Accordingly, the disclosure is useful in Homeland Security and the
military for detection of analytes. In one embodiment, the
disclosure provides kits for monitoring military personnel in a war
situation where they may be exposed to toxins. The nanostructures
are administered or contacted with the subject prior to potential
exposure. The subjects can then be monitored at set intervals using
a detection device.
[0054] Excitation of the nanostructures of the disclosure is
performed by contacting the nanostructure with appropriate
electromagnetic radiation (e.g., an excitation wavelength).
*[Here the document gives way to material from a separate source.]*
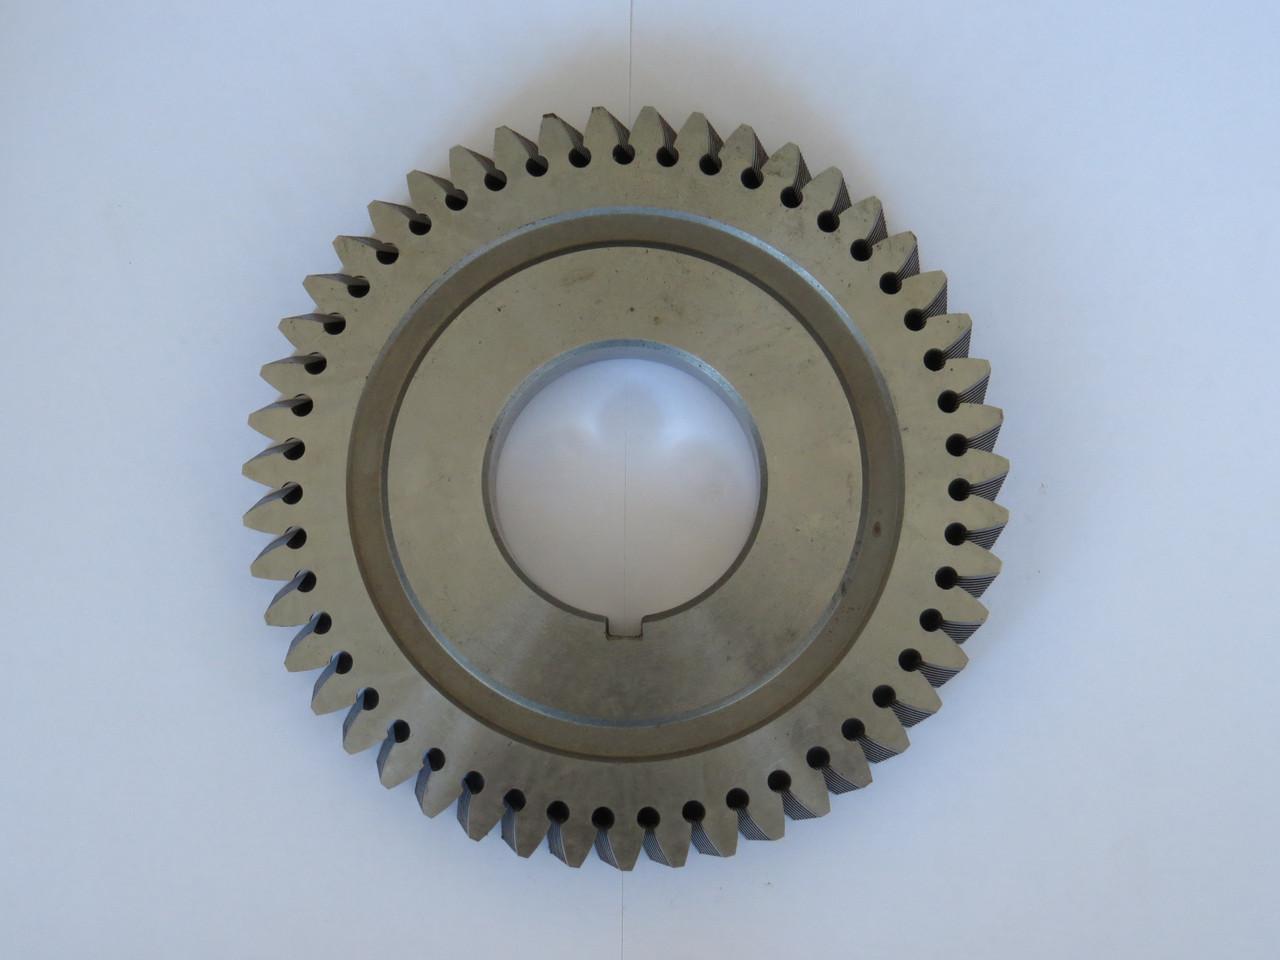 Шевер дисковый М2.0 Ø180 Z-83 градус 20* β5* Тип B Р18 ГОСТ8570-80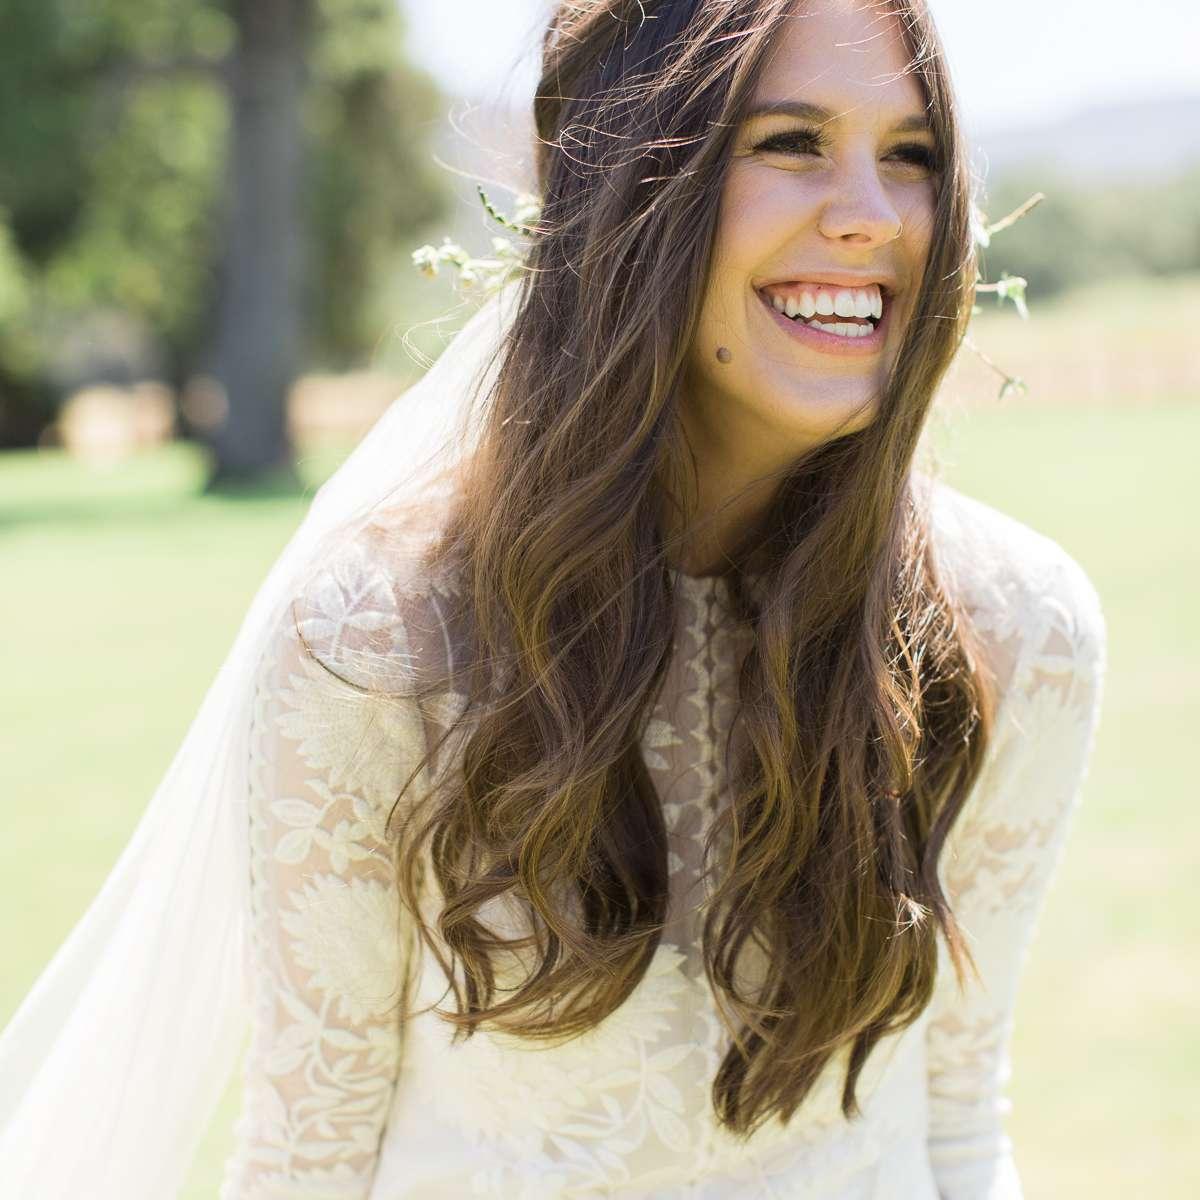 <p>Bride close up shot smiling</p><br><br>

Wavelengths in the visible spectrum comprise light radiation that
contains wavelengths from approximately 360 nm to approximately 800
nm. Ultraviolet radiation comprises wavelengths less than that of
visible light, but greater than that of X-rays, and the term
"infrared spectrum" refers to radiation with wavelengths of greater
800 nm. Typically, the desired wavelength can be provided through
standard laser and electromagnetic radiation techniques.
[0055] The nanostructures of the disclosure can be used in vivo and
in vitro to detect, identify, and/or characterize analytes of
interest. The nanostructures can be used to detect analytes in
environmental samples as well as samples derived from living
organisms. As used herein, the term "sample" is used in its
broadest sense. For example, a sample can comprise a specimen or
culture obtained from any source, as well as biological and
environmental samples. Biological samples may be obtained from
animals (including humans) and encompass fluids, solids, tissues,
and gases. Biological samples include blood products, such as
plasma, serum and the like. Environmental samples include
environmental material such as surface matter, soil, water,
crystals and industrial samples. The nanostructures can be used,
for example, in bodily fluids in vivo or in vitro. Such bodily
fluids include, but are not limited to, blood, serum, lymph,
cerebral spinal fluid, aqueous humor, interstitial fluid, and
urine.
[0056] Commercial applications include environmental toxicology,
materials quality control, food and agricultural products
monitoring, anesthetic detection, automobile oil or radiator fluid
monitoring, hazardous spill identification, medical diagnostics,
detection and classification of bacteria and microorganisms both in
vitro and in vivo for biomedical uses and medical diagnostic uses,
infectious disease detection, body fluids analysis, drug discovery,
telesurgery, illegal substance detection and identification, and
the like.
[0057] A number of devices can be used for measuring plasmon
resonance energy. Any device suitable for detection of a signal
from the nanostructure of the disclosure at wavelengths from the
non-visible, visible and infrared. In some embodiments, the device
includes delivery and collection optics, a laser source, a notch
filter, and detector.
[0058] A nanoparticle is a particle having one or more dimensions
of the order of 100 nm or less. The geometry of the particle is not
critical. For example, the nanoparticle can be in the shape of a
sphere, half moon, bowl, rod and the like.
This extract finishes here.